Gli affreschi sono posti su tre livelli sulle pareti laterali e sul
fondo, senza alcuna intelaiatura architettonica. Le storie della Vera
Croce sono narrate dagli avvenimenti della Genesi fino all'anno 628, quando il santo Crocifisso, dopo essere stato rubato, venne riportato a Gerusalemme. Le fonti delle Storie sono la Bibbia e la Legenda Aurea di Jacopo da Varagine, raccolta di agiografie estremamente popolare nel Medioevo e nel Rinascimento, scritta dal vescovo ligure tra il 1224 e 1250.
Egli non si curò dell'andamento cronologico, privilegiando un
criterio meramente estetico-formale, che creasse effetti di simmetria,
senza per questo impedire rispondenze filosofico-teologiche tra scene
che si fronteggiano.
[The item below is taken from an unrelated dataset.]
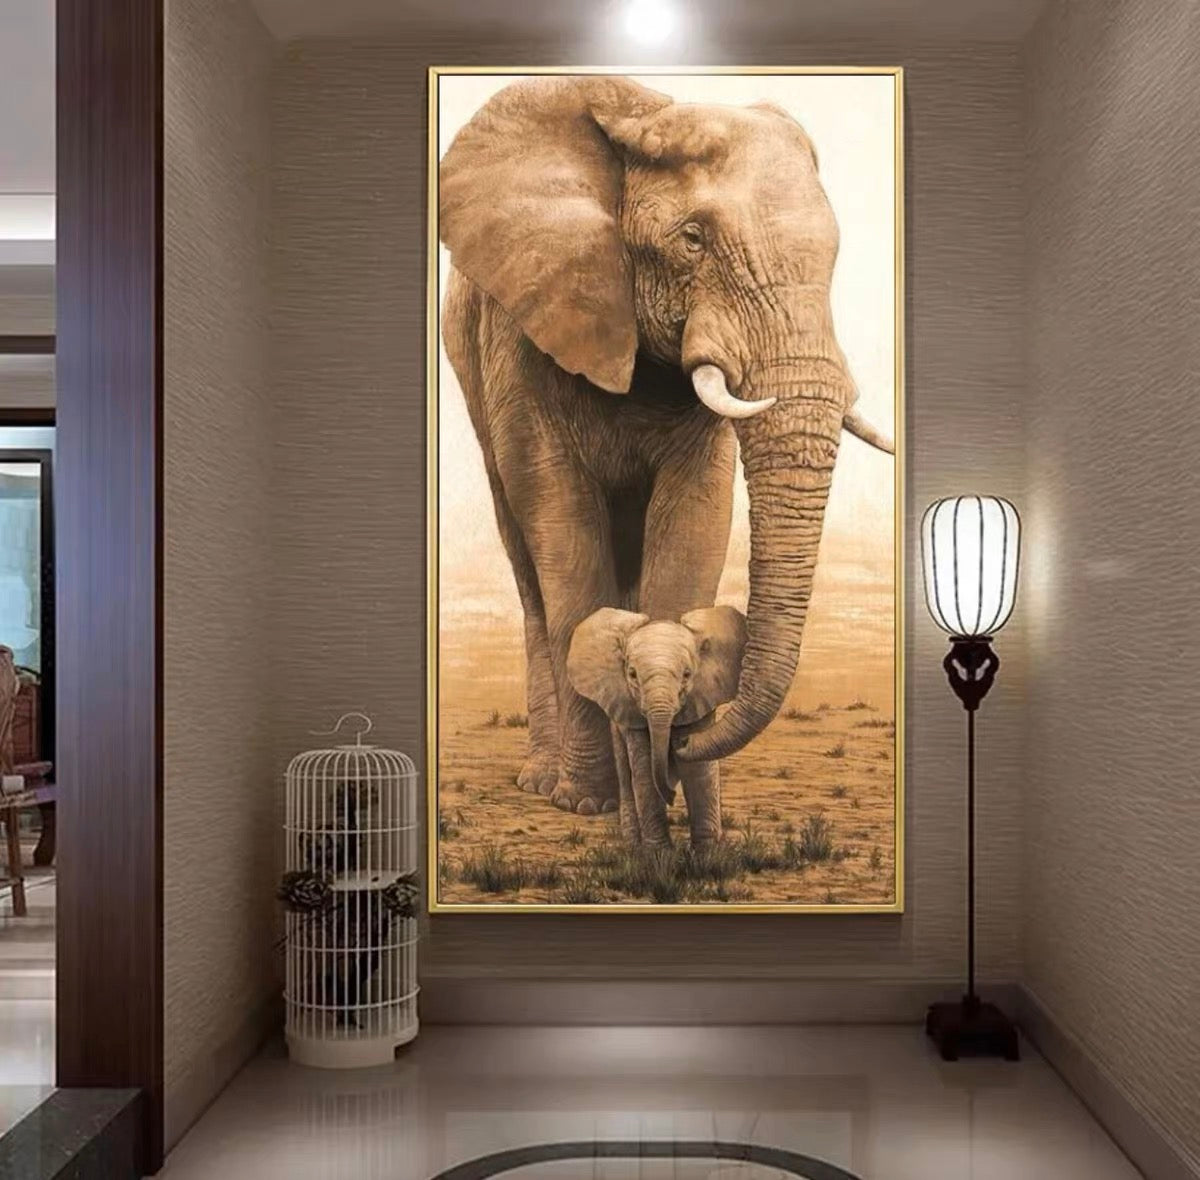 Animal elephant decorative painting.

In alto ad esempio, sia nella parete sinistra che
in quella di destra è rappresentata una scena all'aperto, mentre nel
registro mediano si trovano due scene di corte su sfondo architettonico,
e, in basso, due battaglie.
Nella Chiesa, c'è un crocifisso che ricorda quello che abbiamo visto poco prima di Cimabue. E' infatti opera di un suo allievo:
Abbiamo poi passeggiato senza meta per raggiungere Piazza Grande, dove la visione dell'insieme è stata rovinata da un mercatino in fase di smantellamento.